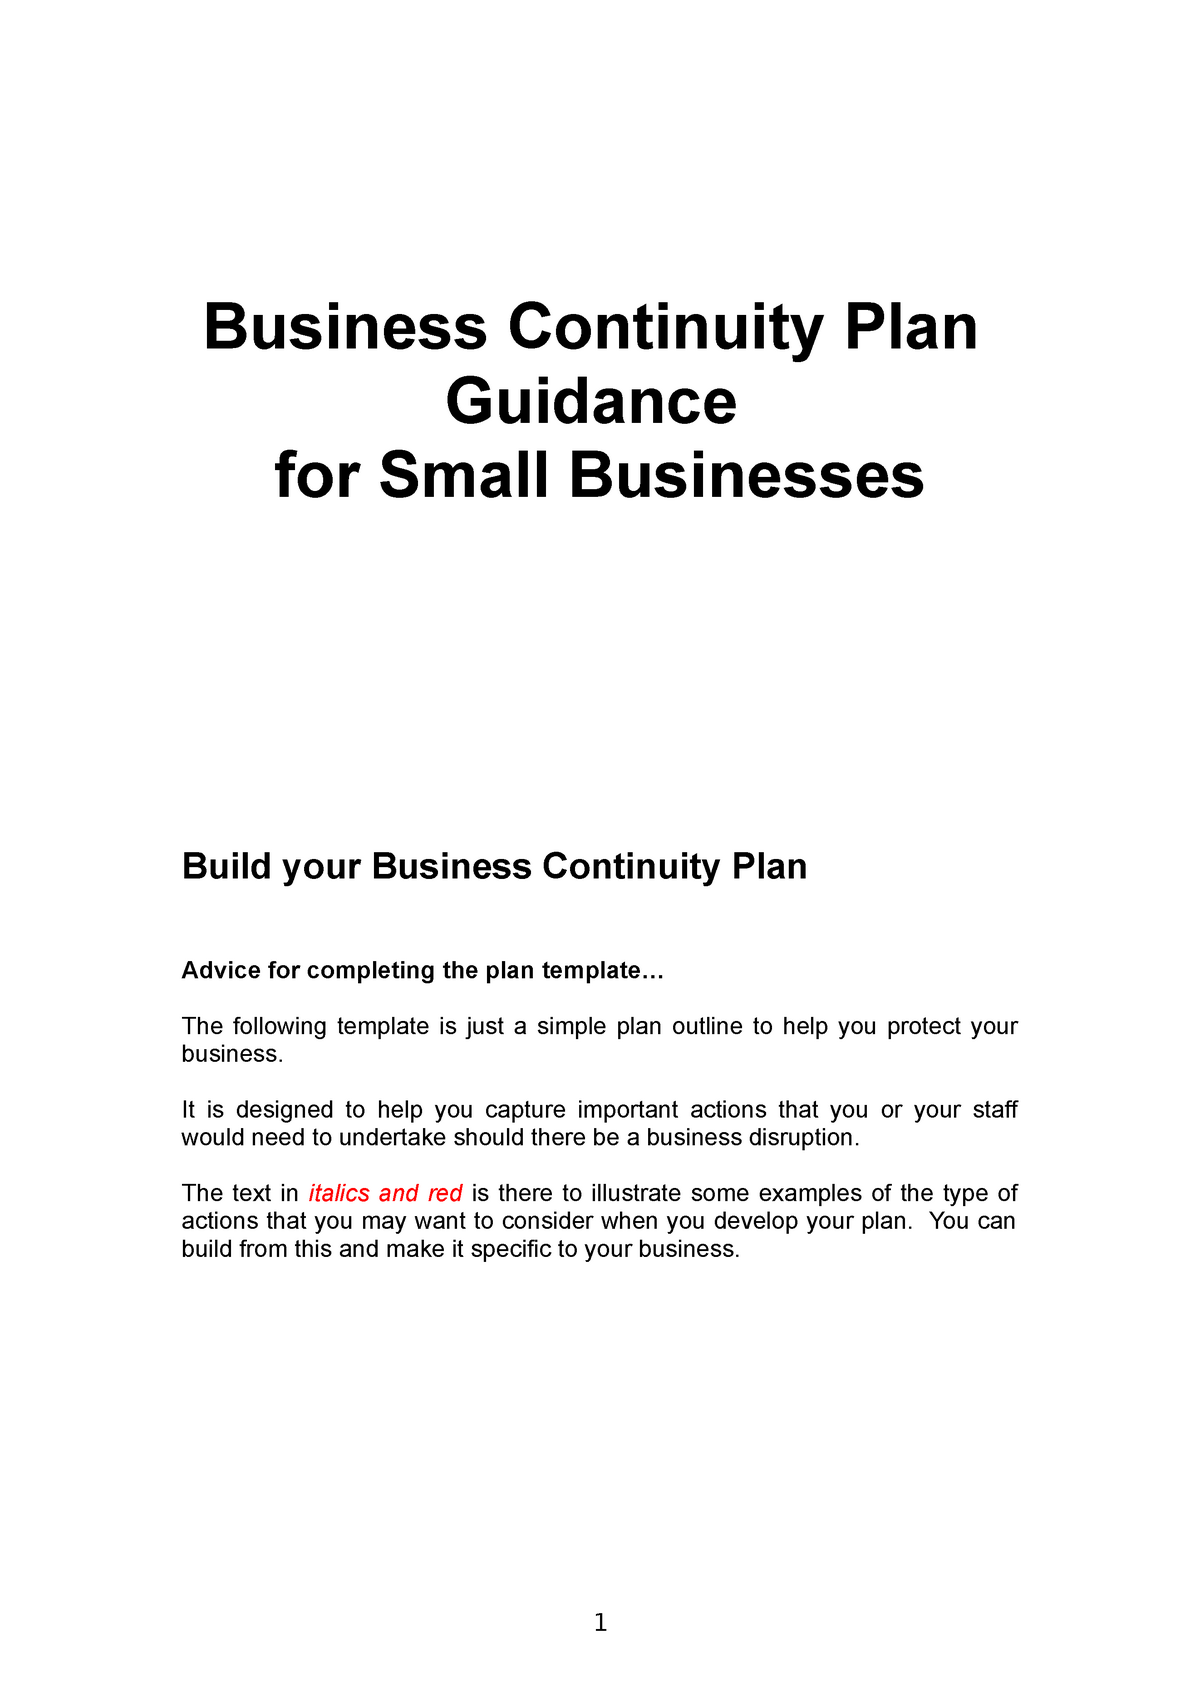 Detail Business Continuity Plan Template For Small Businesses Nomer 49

..............................

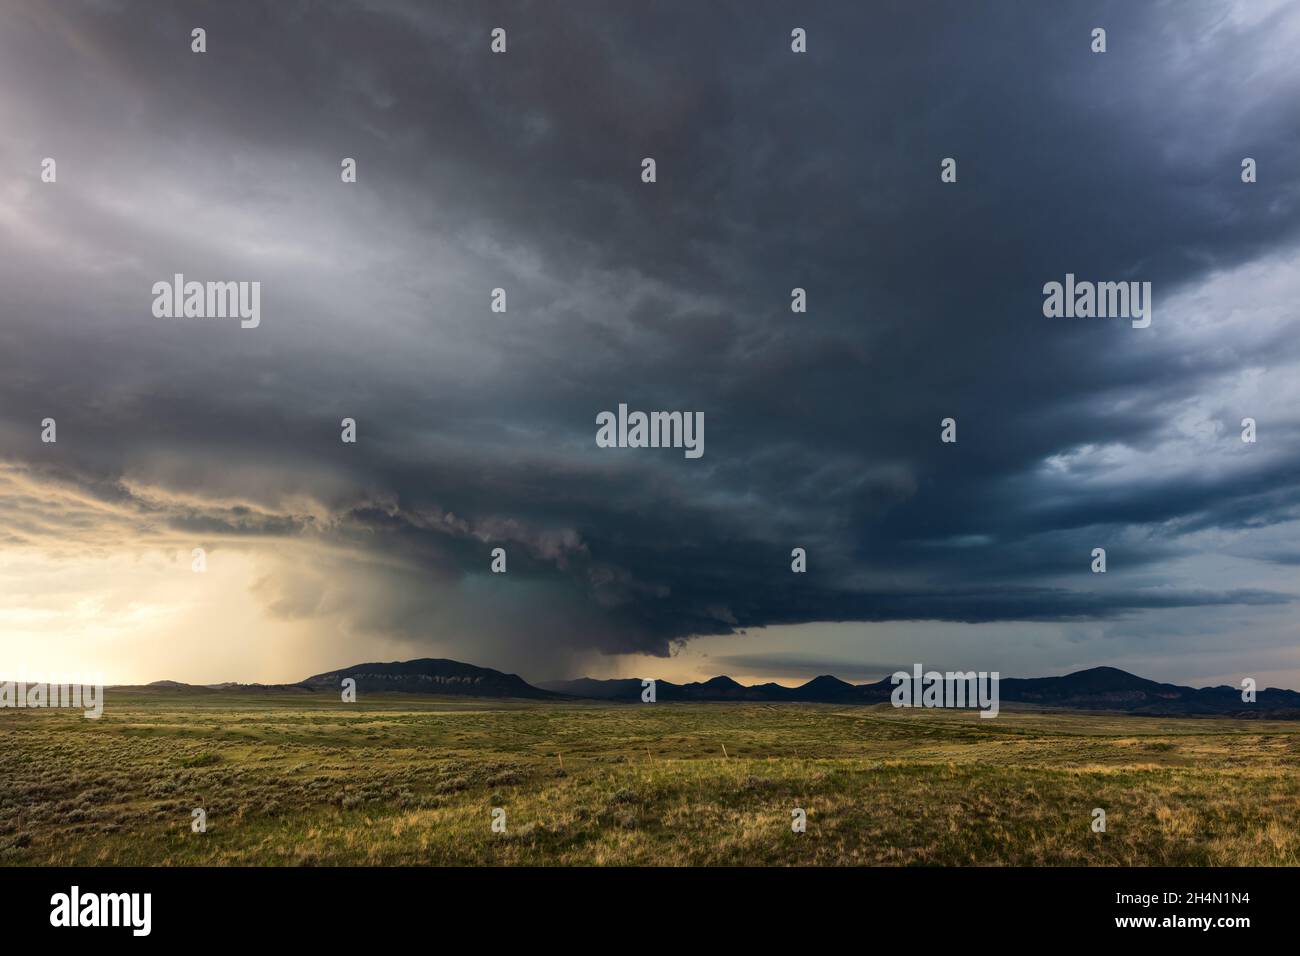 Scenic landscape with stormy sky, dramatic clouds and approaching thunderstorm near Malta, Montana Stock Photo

..............................

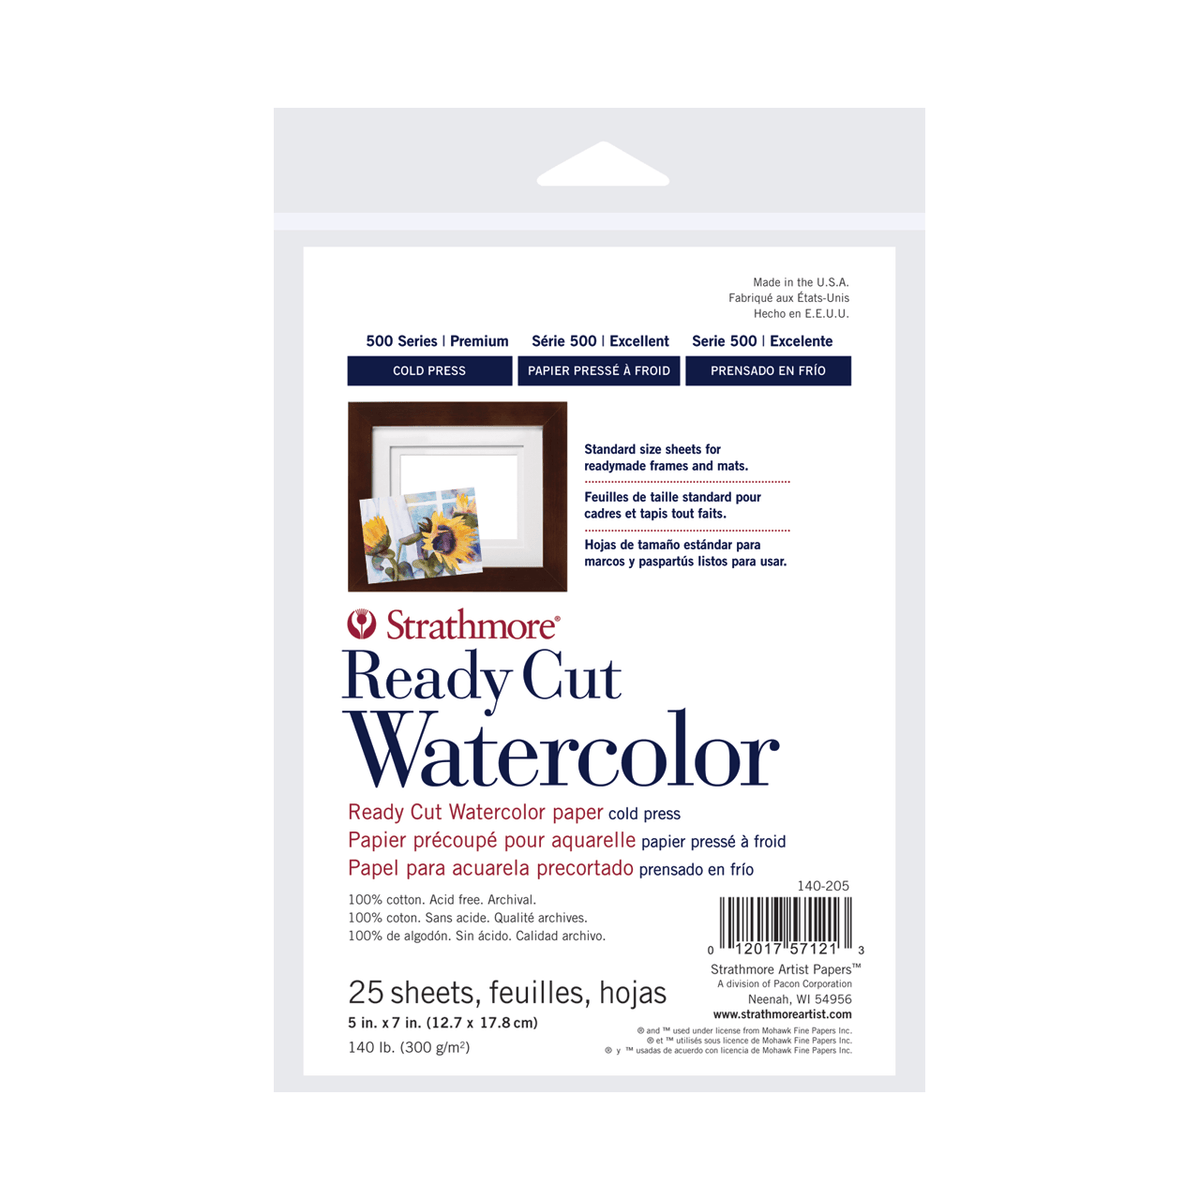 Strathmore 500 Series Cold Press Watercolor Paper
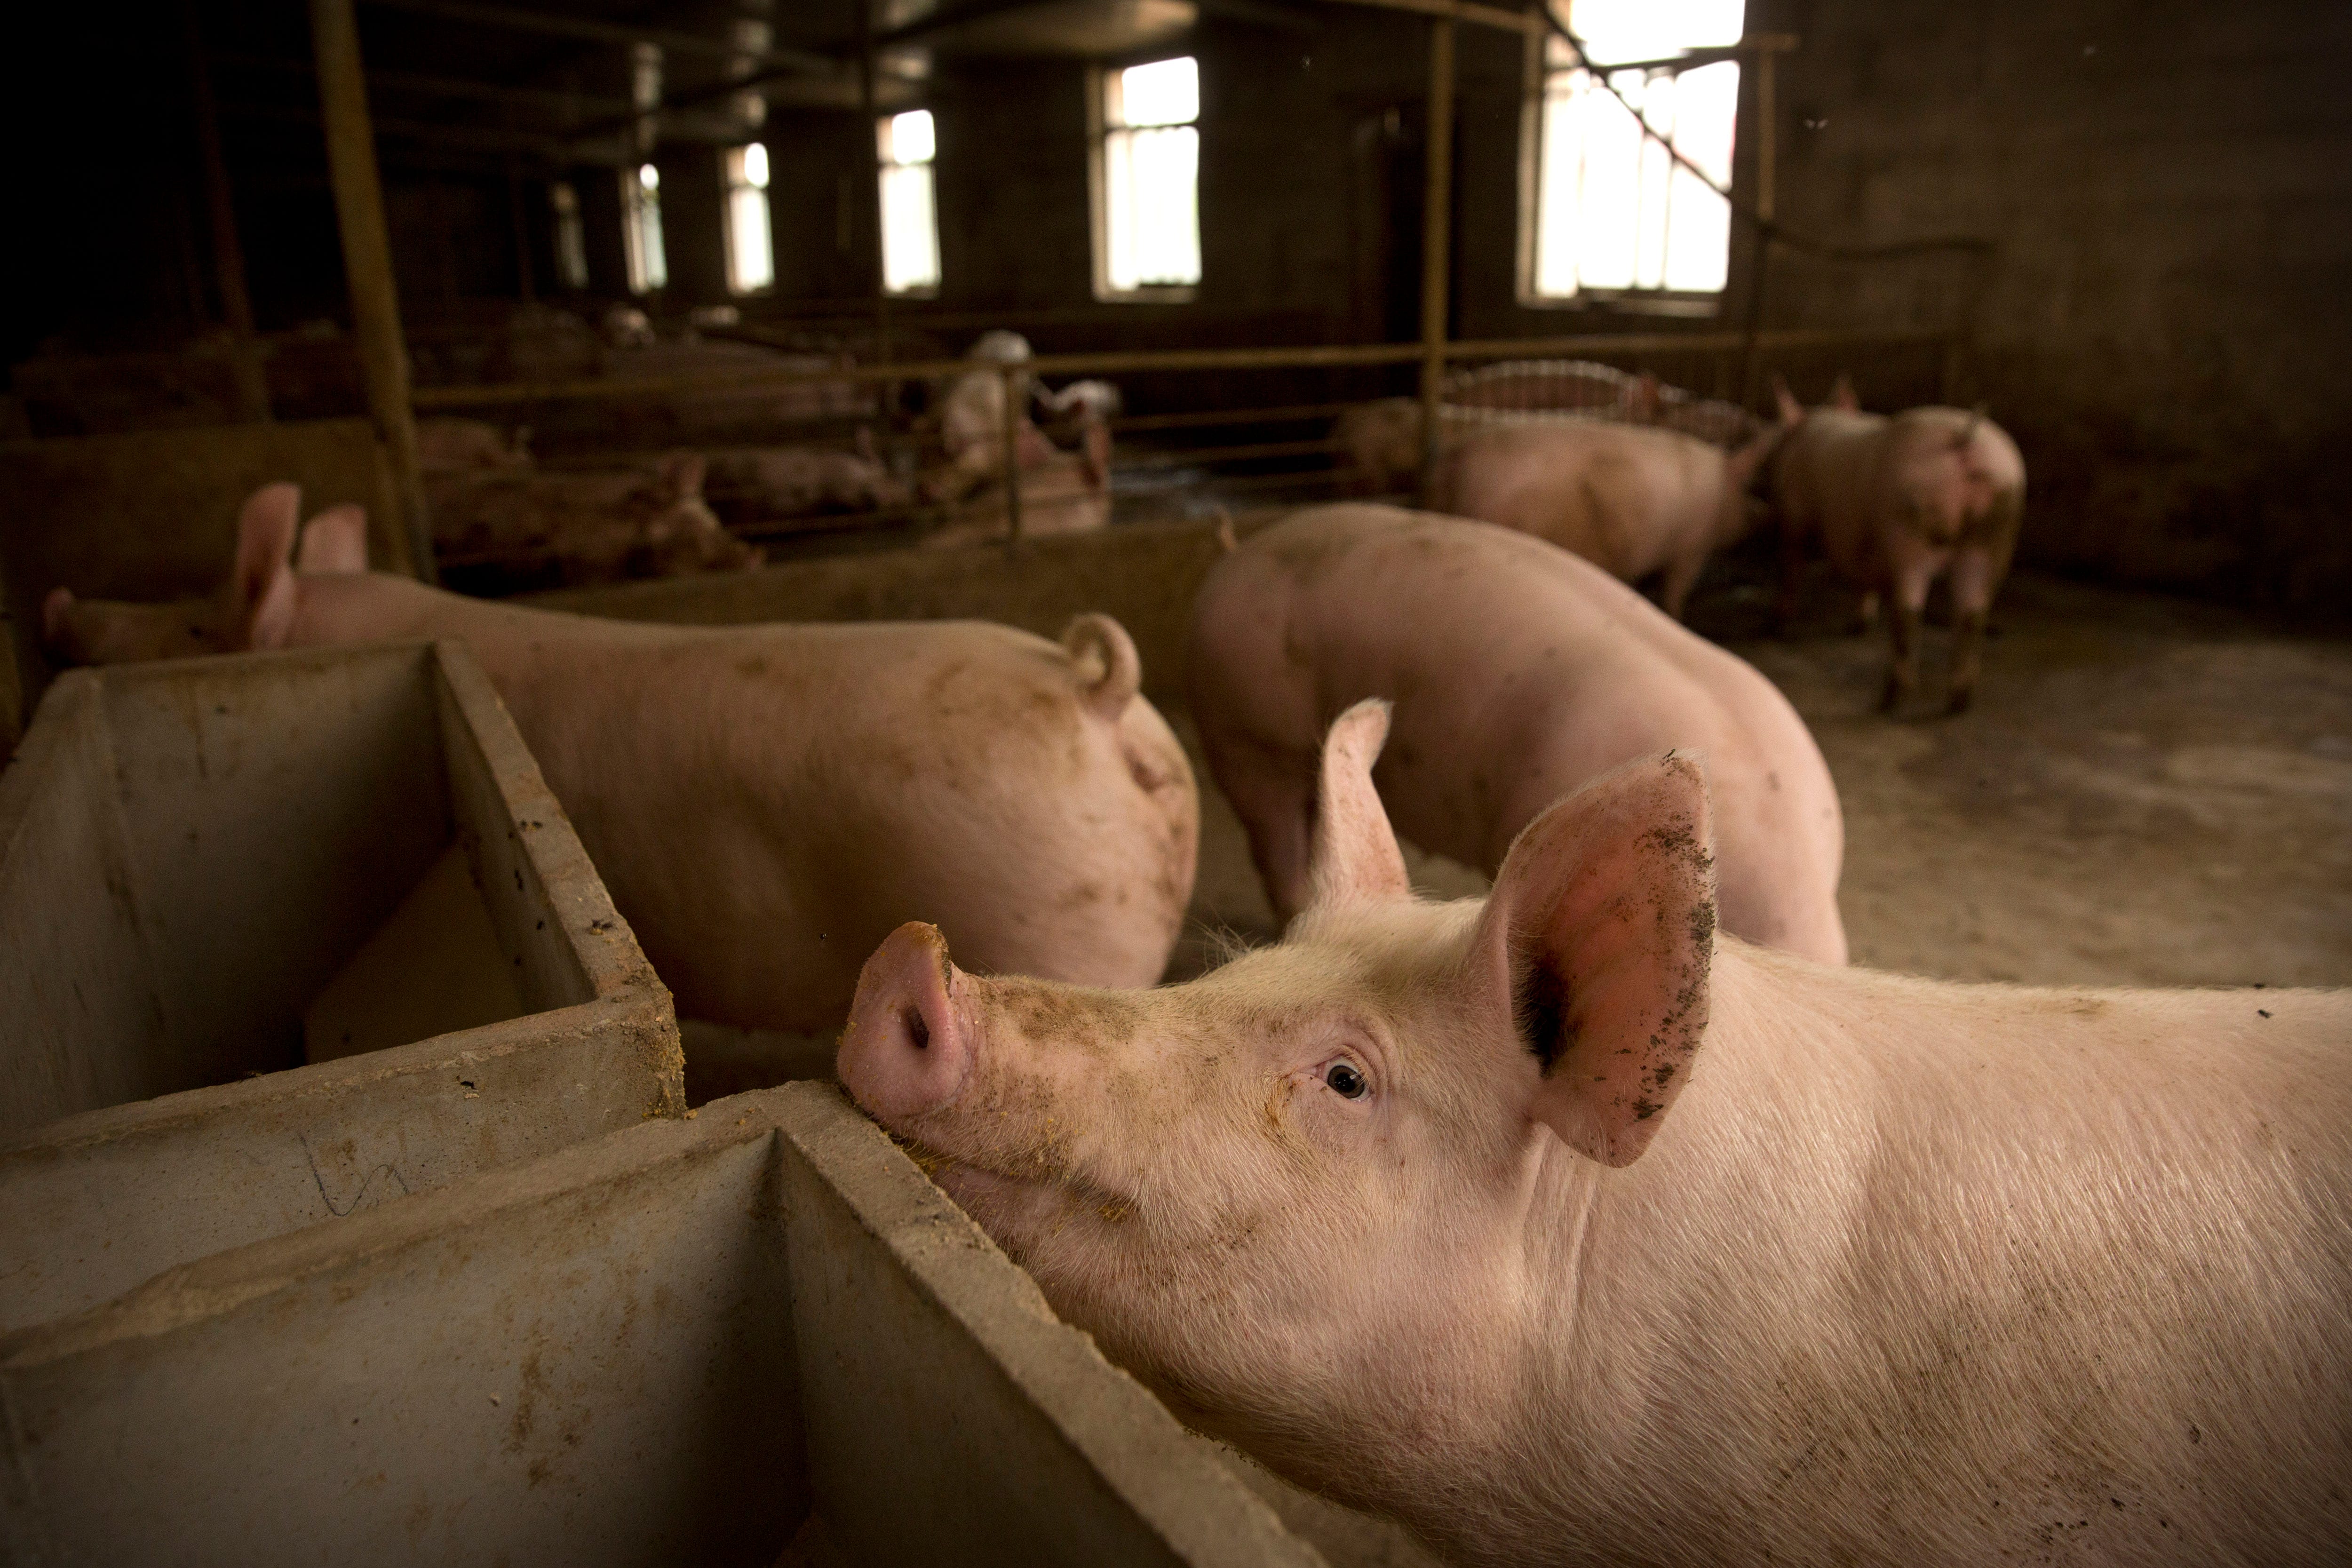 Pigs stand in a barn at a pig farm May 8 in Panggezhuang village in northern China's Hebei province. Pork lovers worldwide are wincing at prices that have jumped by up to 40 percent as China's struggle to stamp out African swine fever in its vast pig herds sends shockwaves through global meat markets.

..............................

## Problem to work on
Within the listing above, write out the stretch from the line with "Strathmore 500 Series" through the line with "Pigs stand in" exactly. Any pictures are to be left out.

## Expected output
 Strathmore 500 Series Cold Press Watercolor Paper
 Pigs stand in a barn at a pig farm May 8 in Panggezhuang village in northern China's Hebei province. Pork lovers worldwide are wincing at prices that have jumped by up to 40 percent as China's struggle to stamp out African swine fever in its vast pig herds sends shockwaves through global meat markets.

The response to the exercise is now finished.